The gain in new work was the weakest since the start of 2017 amid reports that underlying market conditions were a little softer than earlier in the year.
That said, manufacturers continued to signal that demand remained sufficiently strong to generate a historically high rate of new work growth that tested capacity.
Backlogs of work rose for an eleventh successive month in March which in turn encouraged further staff recruitment and an expansion of the Italian manufacturing sector workforce.
Total employment has now risen consecutively on a monthly basis for over three years.
Anecdotal evidence indicated that production gains were throttled in March by ongoing delays in the delivery of inputs.
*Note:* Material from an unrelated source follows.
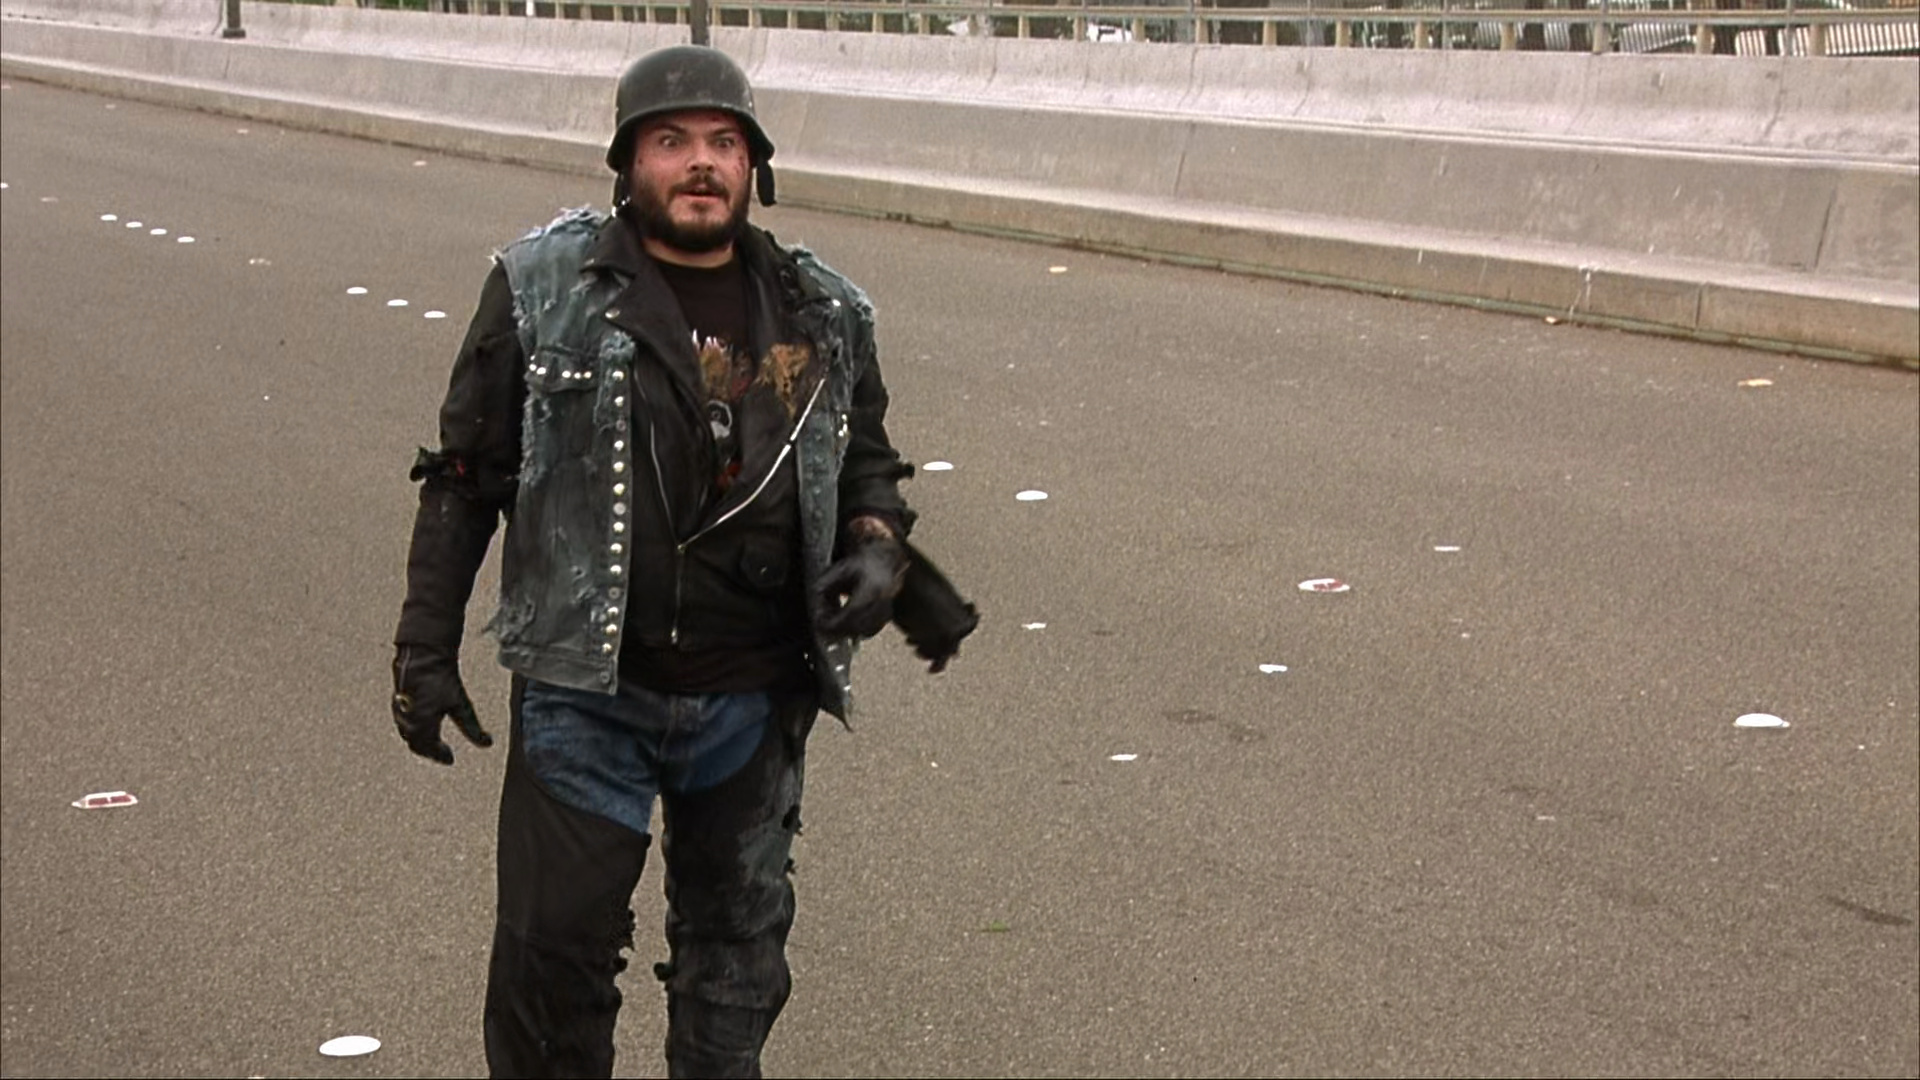 Jack Black as the Motorcyclist in Anchorman: The Legend of Ron Burgundy

Average delivery times lengthened again to a noticeable degree, with vendors reportedly suffering from stock shortages and unable to cope with higher demand.
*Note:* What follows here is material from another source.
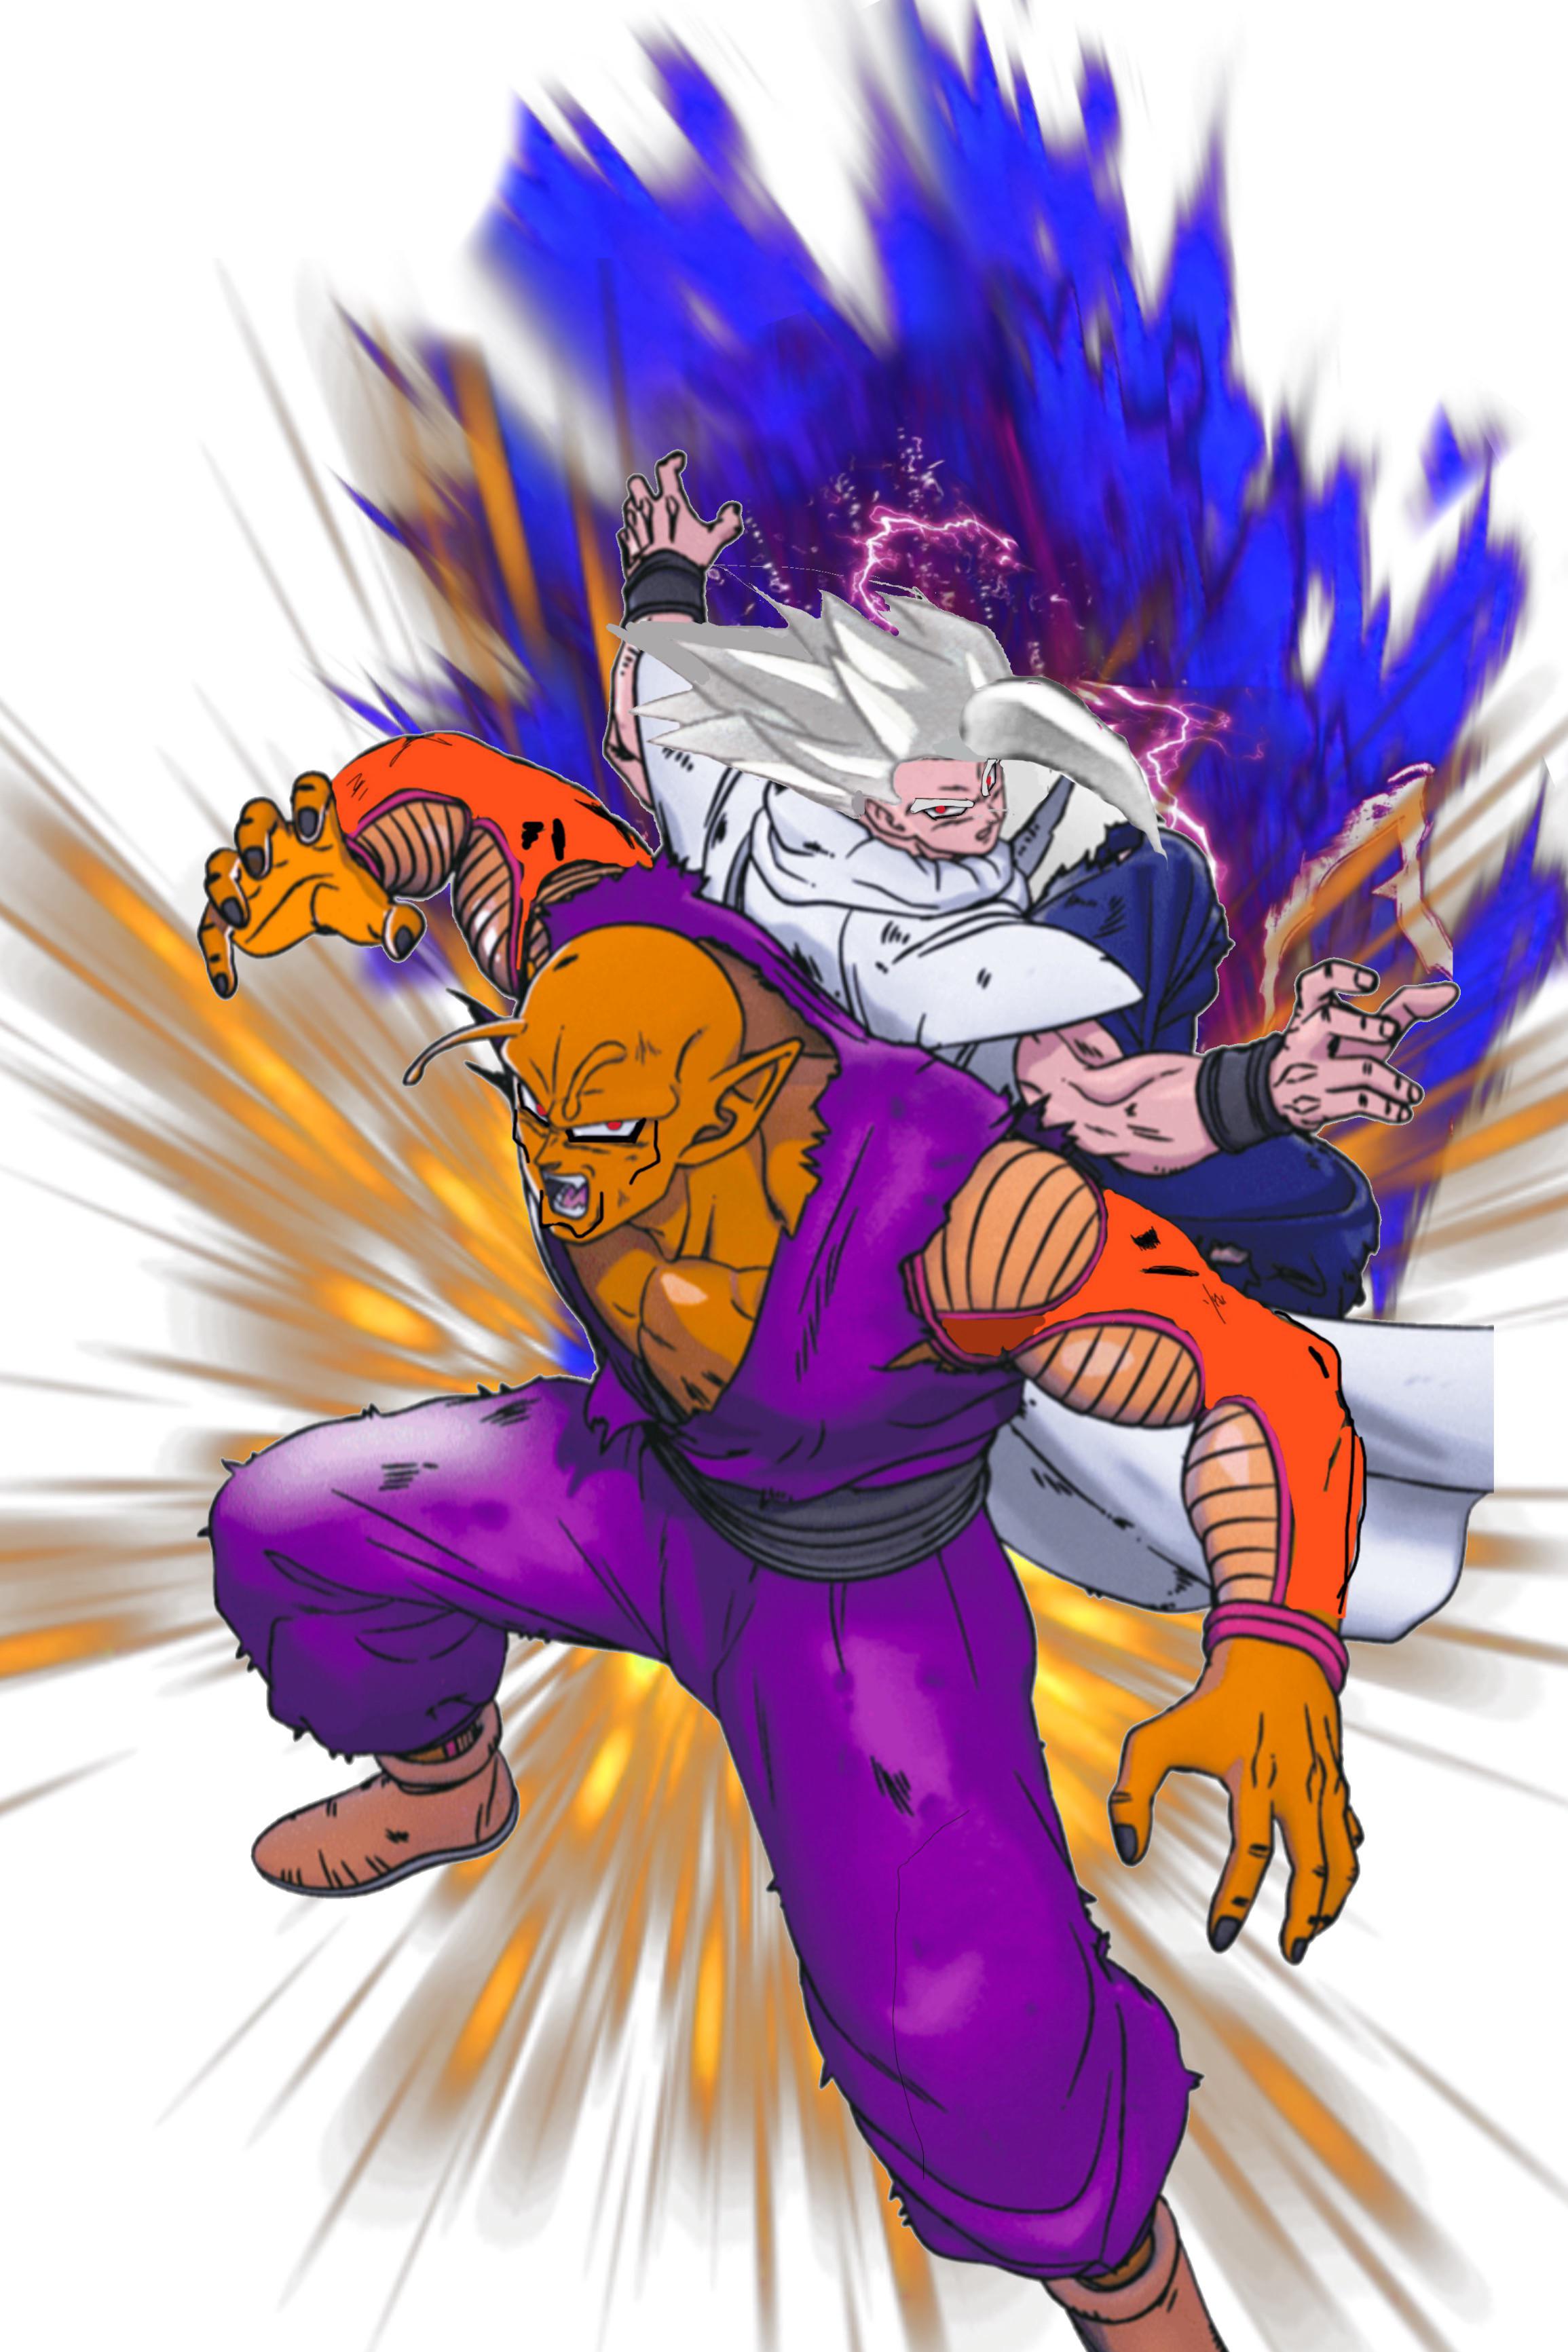 My edit of piccolo and gohan (SPOILERS)

With this in mind, latest data showed that purchasing activity continued to rise during March, albeit to a lesser extent than in recent months.
Slower growth in part reflected difficulties in sourcing inputs, whilst some panellists also indicated a preference for utilising existing inventories.
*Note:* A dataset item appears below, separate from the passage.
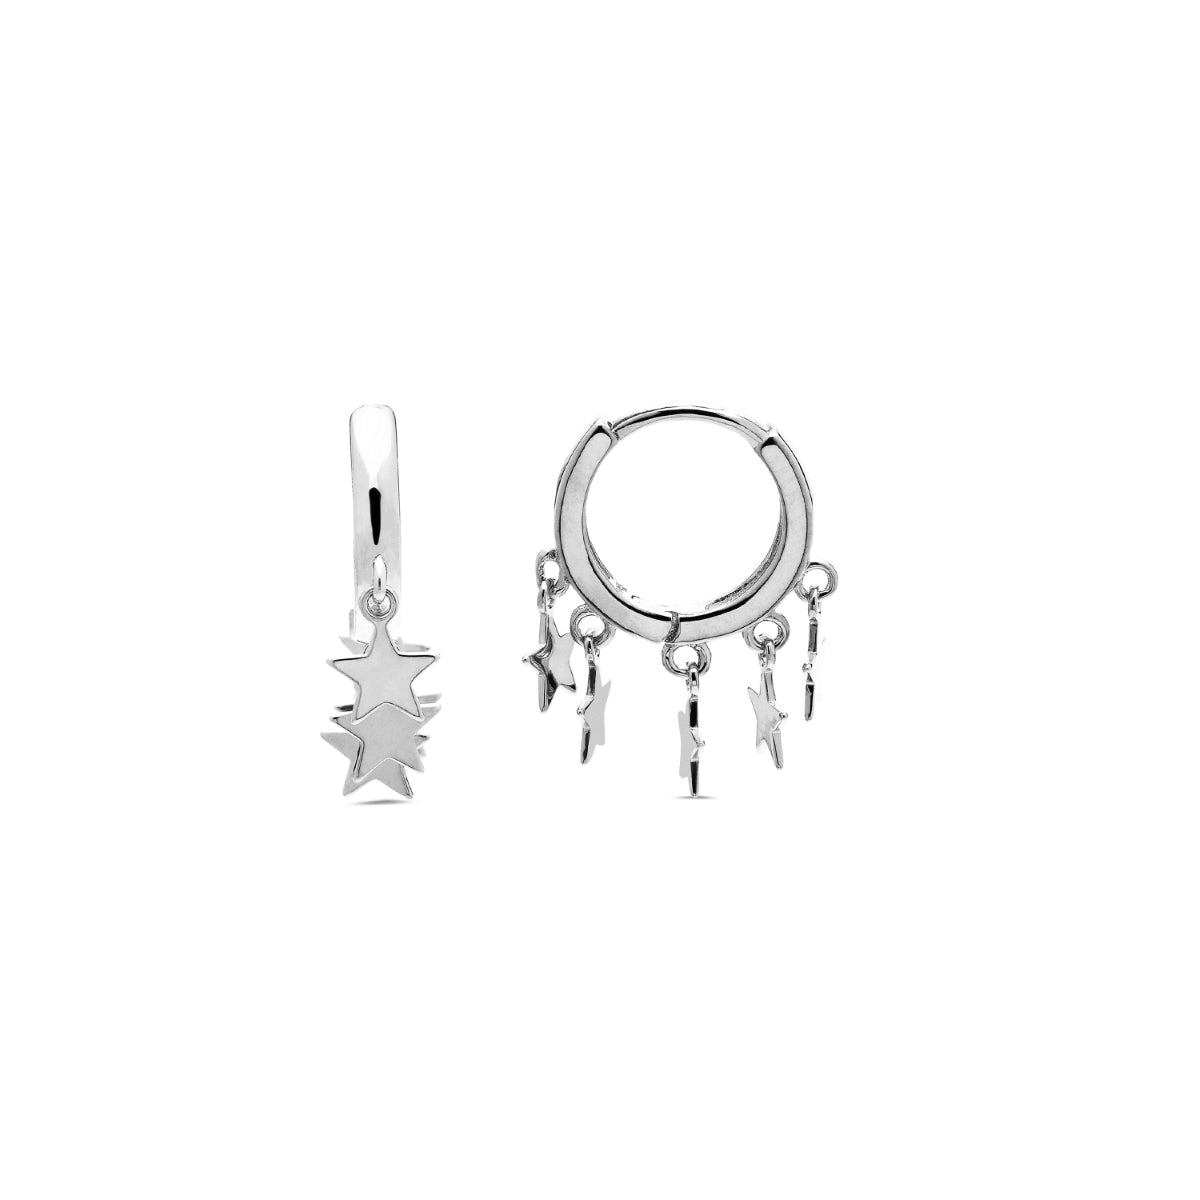 Ruthcia 925 Sterling Silver Earrings

March’s survey showed that stocks of purchases fell to the greatest degree since last August.
Meanwhile, suppliers took advantage of supply and demand imbalances by raising prices to a considerable degree.
Over 37% of panellists indicated an increase of input prices, although the overall rise was the slowest since last August.
To help soften the impact of greater costs, manufacturers raised their own charges strongly.
Finally, over 42% of panellists expect to see an increase in output over the coming 12 months.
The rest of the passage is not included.